Ray Shirley White Sr. (born July 11, 1945) is an American musician and singer, best known as a member of Frank Zappa's touring ensembles. He was drafted into Zappa's band in late 1976, being featured on rhythm guitar and vocals, forming a vocal harmony partnership with Ike Willis on later tours in 1980 and 1984. White's vocals can be heard on Zappa in New York (March 1978) and You Are What You Is (September 1981) as well as others. White can also be found on a The Torture Never Stops and Does Humor Belong in Music?; the former is a DVD from Zappa's 1981 tour (without Ike Willis) and the latter filmed at the pier in New York in 1984; the video features White and Ike Willis' vocal harmonies. According to Zappa, White, who was deeply religious, was uncomfortable with the atheistic views of some of the other band members, which led to his departure.

White has also worked with jam-oriented groups like KVHW, Don't Push the Clown and Umphrey's McGee since his contributions to the Zappa band, and has worked with a variety of Michigan artists, including former Rare Earth drummer Bob Weaver, as well as members of the funk/fusion combo Generic Produce.
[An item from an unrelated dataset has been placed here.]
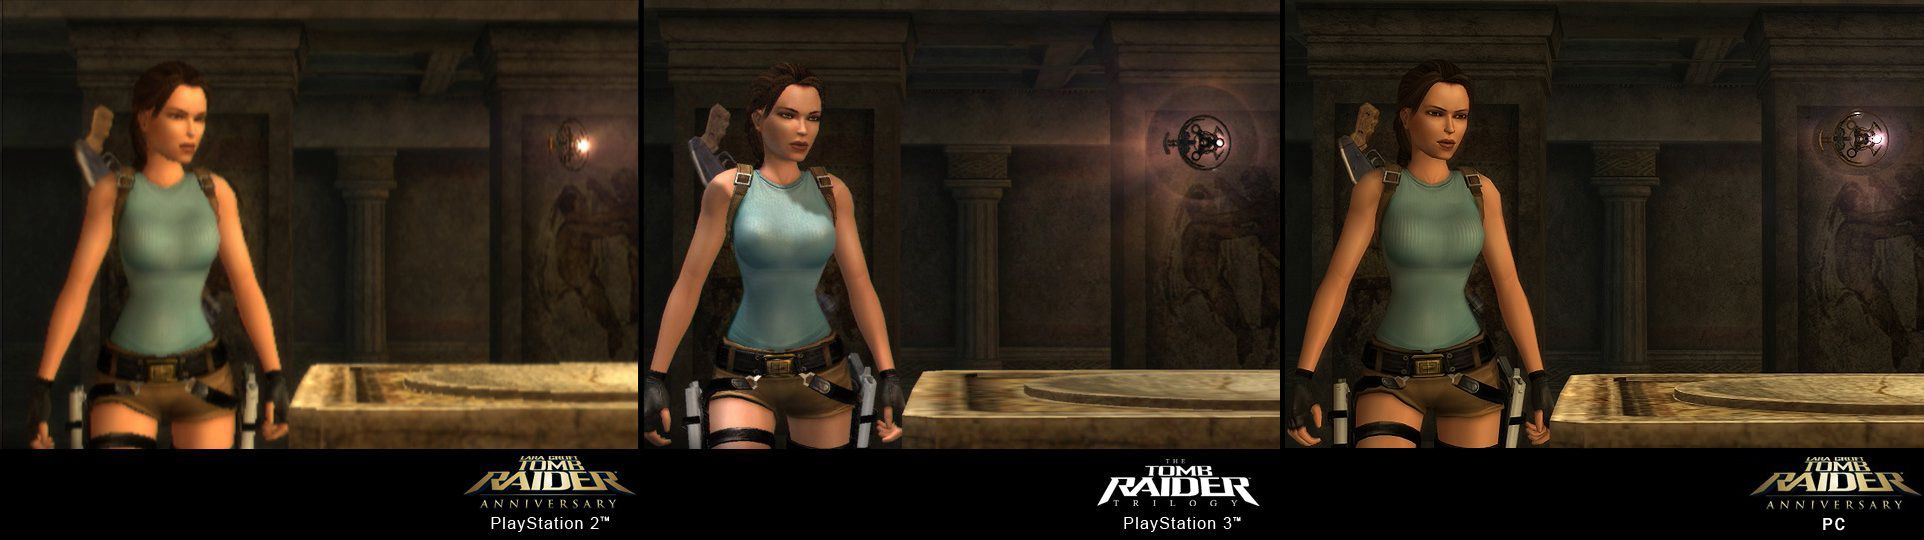 Tomb Raider Trilogy - Image 8

In 2007 Ray White joined Dweezil Zappa as a special guest for the Zappa Plays Zappa Tour. White is also a member of the group Band From Utopia (also called Banned from Utopia), formed by former members of different formations of Frank Zappa's band who wanted to pay tribute to his work.

White is also a member of the Zappa Band, an alumni band consisting of former Frank Zappa contributors keyboardist/guitarist Mike Keneally, multi-instrumentalist Robert Martin, bassist Scott Thunes, drummer Joe Travers, guitarist Jamie Kime and White on vocals and guitar.